Bernie is focused on the foundational cause of almost all our systemic problems.
But, the rest of her charge doesn't hold up either.
Bernie is not a one issue candidate.
There's an Alternet article here: www.alternet.org/... that lists just a few of the many accomplishments Bernie has made in his decades of legislative work.
If you look through that list, a selective list that doesn't list everything by any means that Sanders has done, it addresses issue after issue that Clinton brought up.
CONCLUSION
In sum, Bernie and Hillary do NOT agree on the single biggest issue destroying our democracy. Bernie has NOT neglected all those issues Hillary wants to address if she becomes president. He has done a great deal, down in the trenches, for decades.
In a fair assessment, Bernie is the most electively and legislatively experienced candidate we Democrats have put forward, not Hillary.
Hillary has a great deal of experience in politics, but not in elective positions. She ran two successful election campaigns for Senate, and that's it. She helped her husband campaign for President and she ran in 2008, unsuccessfully. Her election campaigning record in terms of wins and losses for herself is not that good.
Bernie was mayor of a city and reelected to that position, a Representative in the House for decades who faced elections every two years, and a Senator chairing Senate committees who has run more than once, and won.
Hillary has served 8 years as an elected Senator. All other positions she has held have been appointed ones.
Bernie has won every election he has contested but one, back in the beginning of his career.
Bernie knows in his bones what it takes to fight and win elections, and he knows how to move the needle on issue after issue legislatively, even in the minority and even over opposition.

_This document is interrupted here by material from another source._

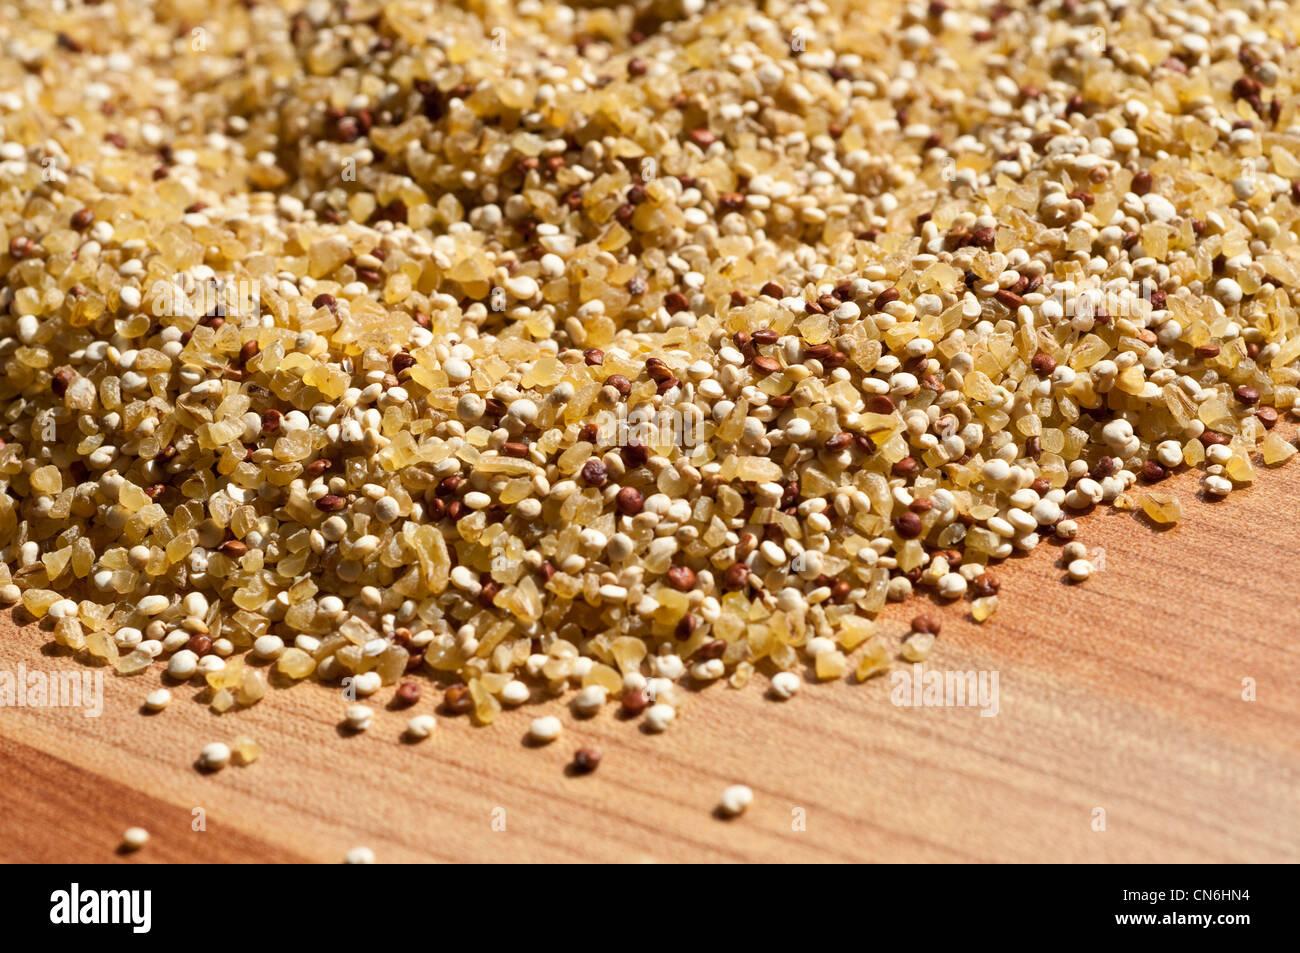 Red and white quinoa - Stock Image

In terms of getting things done, despite opposition, Bernie's record in the House and Senate far outshines Hillary's accomplishments as an elected representative of the people.
Please note the terms here. An elected representative.
Hillary has done much good and done many things. But there is a relationship between campaigning, being elected, and being re-elected in campaign after campaign that is irreplaceable in terms of experience and outlook on our representative system.
In light of what’s at stake in this election, which is not just the presidency but the balance on the Supreme Court, as well as, I would argue, our democracy itself, we want that kind of electoral and campaigning experience.
In terms of understanding, changing and getting legislation advanced, in spite of opposition, or being in the minority, or even not being a member of a party and standing all alone as an independent, Bernie has by far the better record of legislative accomplishment.
In terms of election experience, Bernie hands down has far more experience than Hillary, having successfully campaigned literally dozens of times for election to her 2 times.
Bernie is not the one-note, idealistic dreamer he is being made out to be. He is a crusader who has long and consistently fought, in and out of the limelight, for both fundamental and incremental change. He has won campaign after campaign.
And when Bernie leaves office, I am very confident he will not be cashing in on it. Indeed, I don't see him stopping his many fights on many issues to benefit us all until they slam the casket down on him.
While I appreciate TeacherKen's thoughtful diaries (see the one posted earlier today and on the Rec list), and his reasons to back Hillary, I have to disagree on several key aspects. I particularly disagree with the main point Hillary is actually campaigning on, and that is the fact she is committed to fundamentally leaving untouched the current system of campaign financing and legislative lobbying that has in effect nullified with big money (not just dark money) the effect of our democratic voting.
Bernie recognizes that THIS is what MUST be changed, or everything else we want to do is just hope without real prospect of change. Changing the system by banning big money and money bestowing lobbyists would be a "revolutionary" restoration of democracy to the United States.
I stand with Bernie Sanders.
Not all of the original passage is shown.